Mysteriously, this was yet another BoingBoing coincidence with my life. Is it celestial, or am I to suffer a Trumanesque bump into the dome at some point??
Sugru actually works really well for abrasion issues in shoes. To get an extra smooth surface, rub the freshly applied sugru with a finger dipped in water.
Just want to caution people to read and follow the directions before buying/using sugru. The disclaimers about shelf life and curing time are not just boilerplate – opened packets will set up pretty quick no matter how tightly you seal them, and you can’t rush the curing process.
For those reasons – and the price – it’s not the right product for me. Not the mfr’s fault by any means, but be prepared.
Just purchase the cheapest acidic silicone and mix it with a fine cornstarch 1:1 (measured by volume). Use wet hands for kneading and shaping. Works wonderfully for a small fraction of price, and opened cartouche of silicone has relatively long shelf life.
I have used shoe goo for repairing my shoes, is this related?

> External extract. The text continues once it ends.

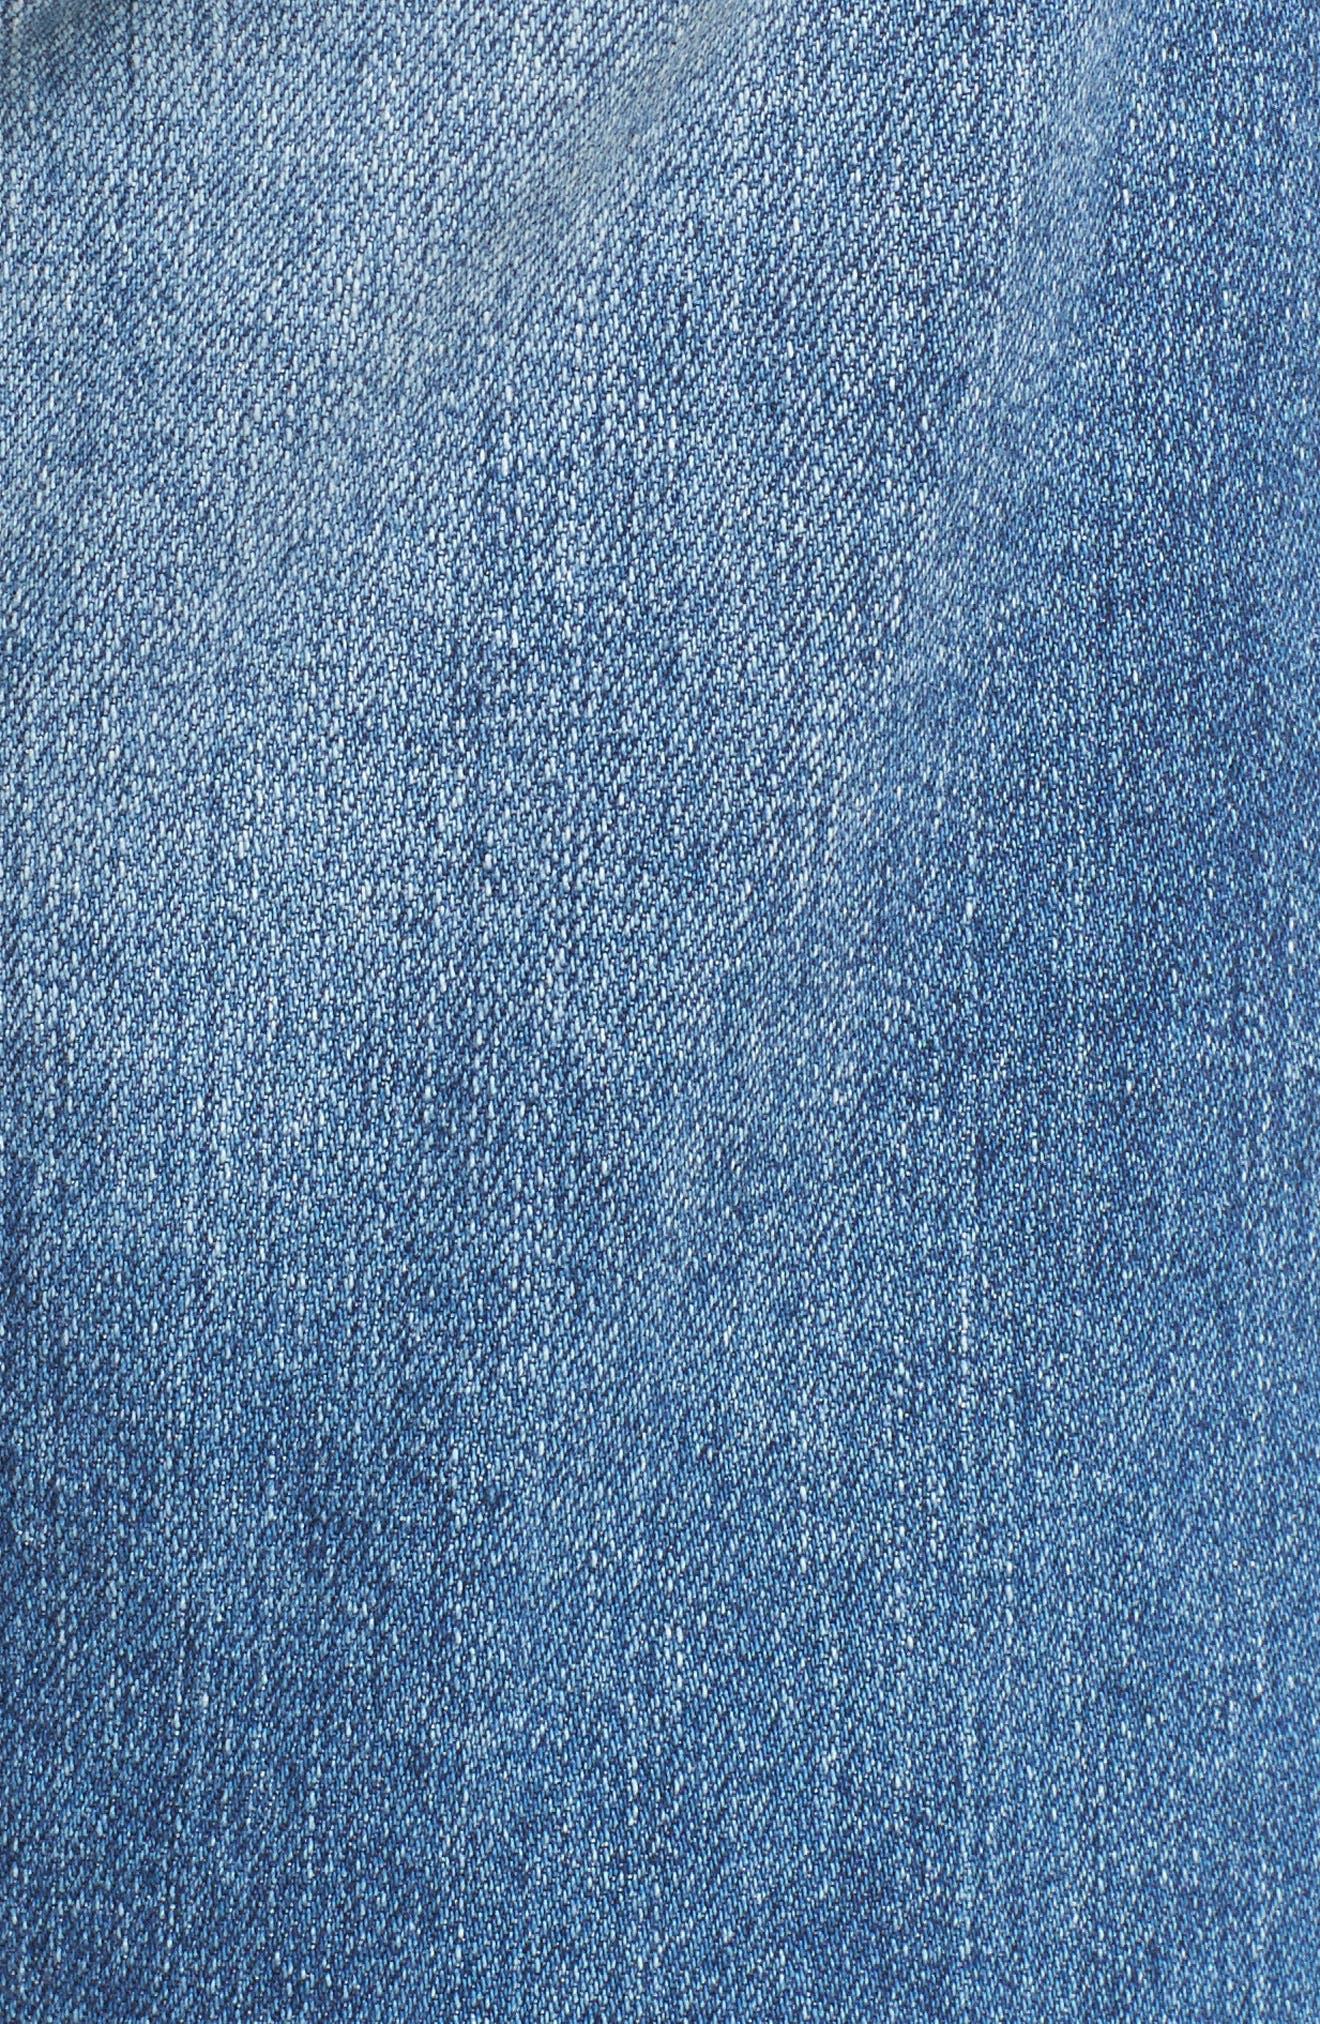 Nikki Cutoff Denim Shorts,                             Alternate thumbnail 6, color,                             16 Years Indigo Deluge Destr

OK, I should have googled this before posting. It doesn’t seem to be the same company (but I haven’t ruled it out). I expect Sugru was inspired by Shoe Goo. I have used Shoe Goo for shoes, certainly, but also for other things. When my wireframes broke where the temple (almost) meets the lens, I used SG, it had a transparent light gold color, so it was hardly noticeable, and I used it for a couple years. I also used it to bond a rubber furniture stop to the peg of my upright bass. It lasted about three years, the furniture stop that is. It’s been three or four since the stop gave out, but the SG is still going fine.